We present the recent breakthrough paper of Kane, Lovett and Moran (arXiv, 2017),

which gives nearly optimal algorithms for k-SUM and related problems in the linear decision tree model.

In this problem we are given n real numbers and want to determine whether there exist k among them that sum up to 0.

In the model we only count linear sign tests involving the input numbers. All other operations are for free, but they are not

allowed to access the input explicitly.

[KLM'17] solves k-SUM with O(kn\log^2 n) linear tests, each of which is 2k-sparse (has at most 2k nonzero terms),

with only +1,-1 coefficients.

The same technique can sort A+B, for sets A,B or n real numbers each, with O(n\log^2 n) linear tests, all 8-sparse

with +1,-1 coefficients, and several other problems of this sort, including SubsetSum (with O(n^2\log n) linear tests).

These results improve earlier results by roughly a factor of n.

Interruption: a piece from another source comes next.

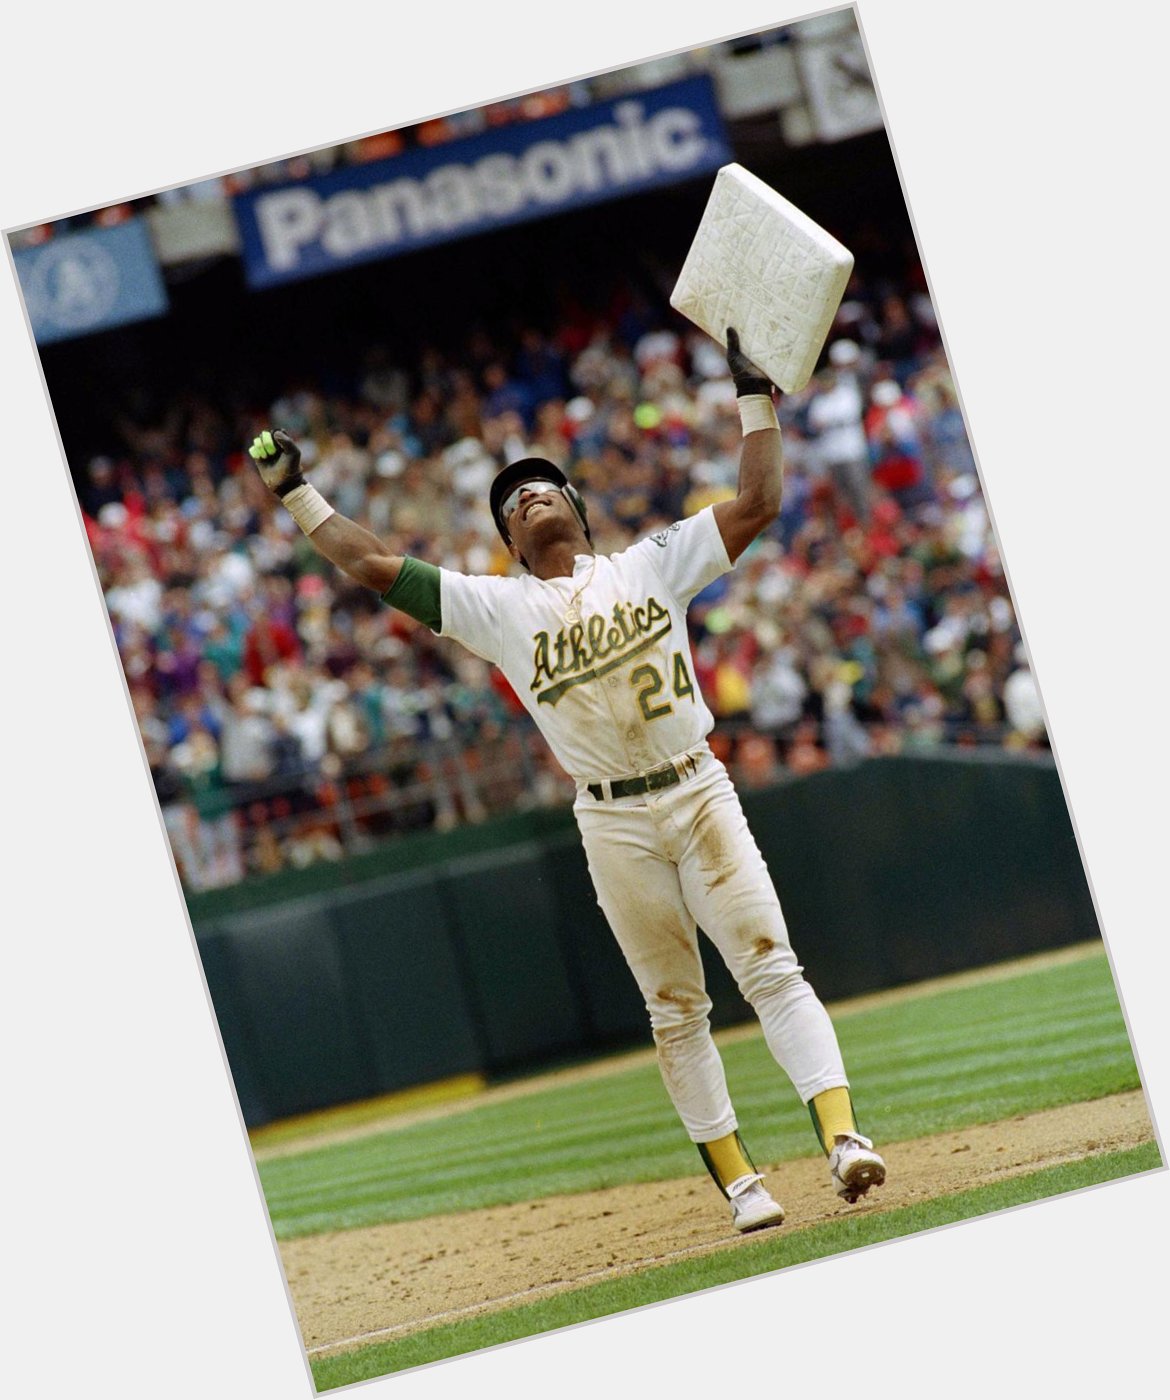 Merry Christmas to all and a happy birthday to Rickey Henderson, who turns 57 today. 
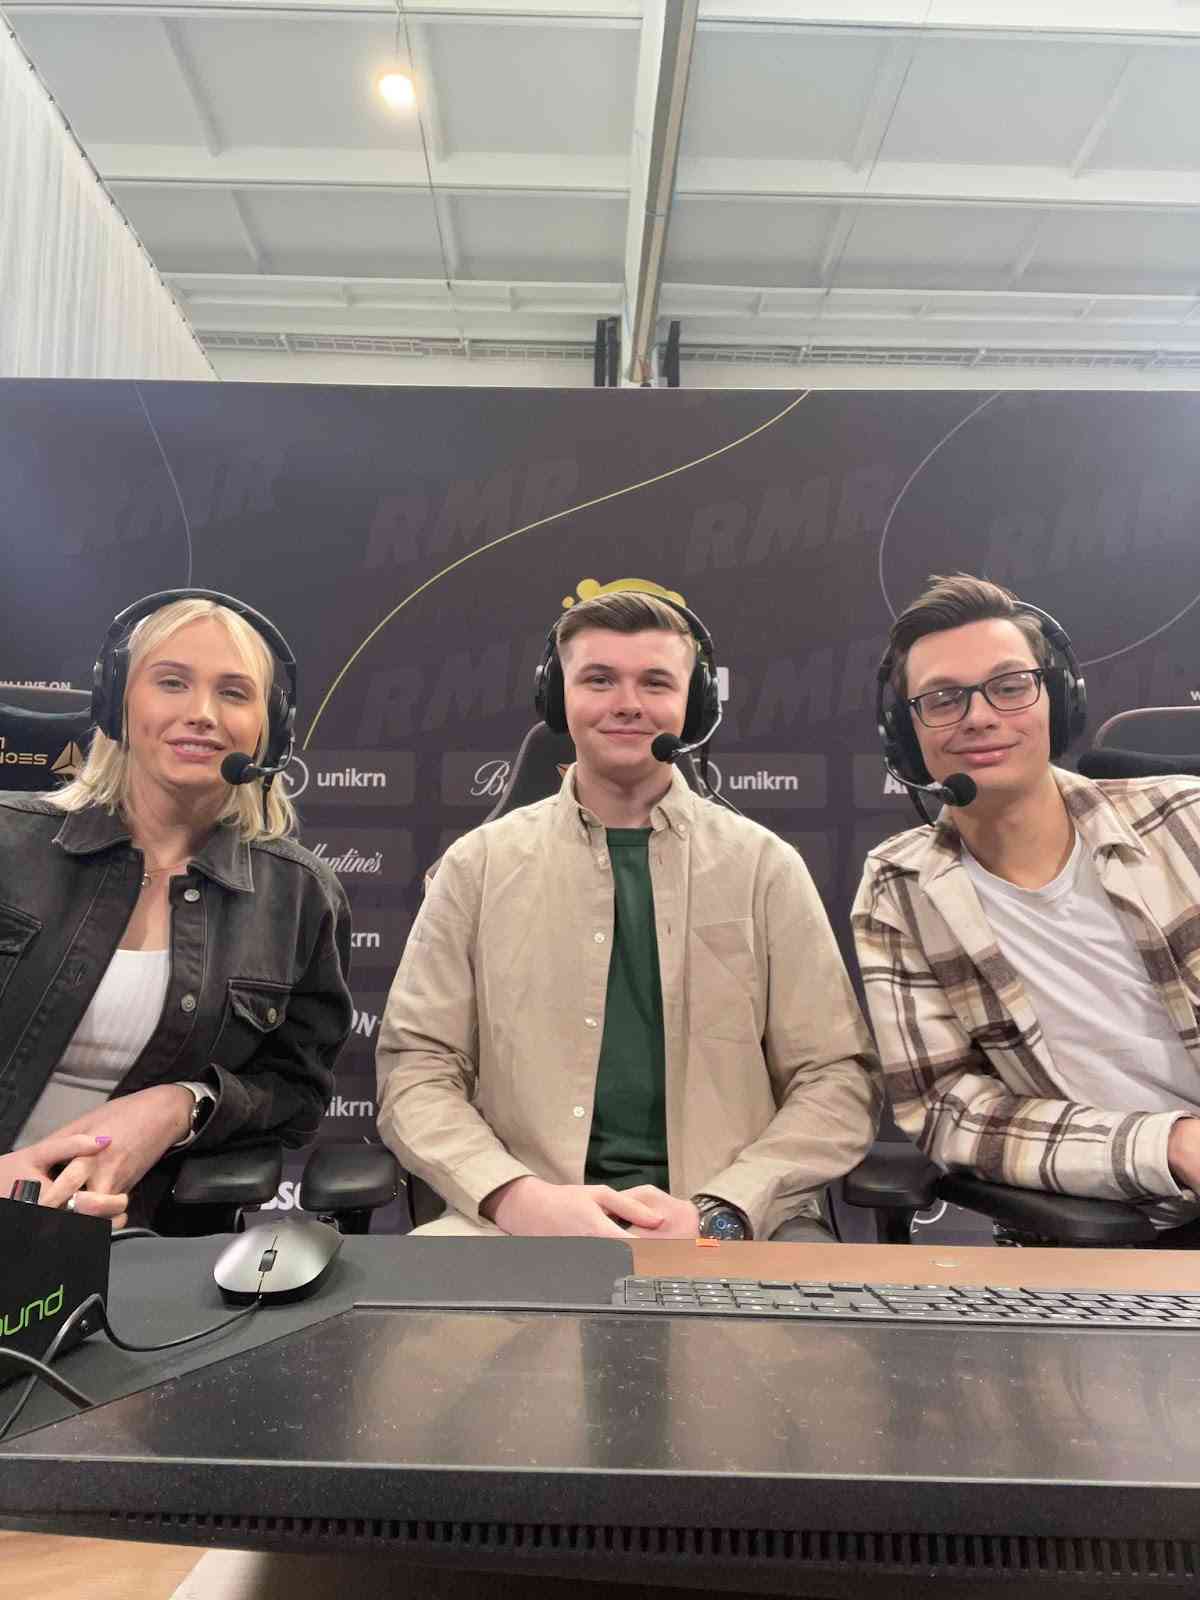 Lucy with Adam “Dinko” Hawthorne and Alex “Hawka” Hawkins working the European RMRs for the Paris Major

The paradigm in [KLM'17], as in all earlier works, is to regard the input set (x1,x2,...,xn) as a point in R^n, regard each

test that we want to perform (e.g., that k concrete input elements add up to 0) as an equation of a hyperplane in R^n,

and solve the resulting problem of point location in the arrangement of these hyperplanes.

The novelty in [KLM'17] is the use of a new tool, inferences and inference dimension, introduced by the authors in their study of active learning.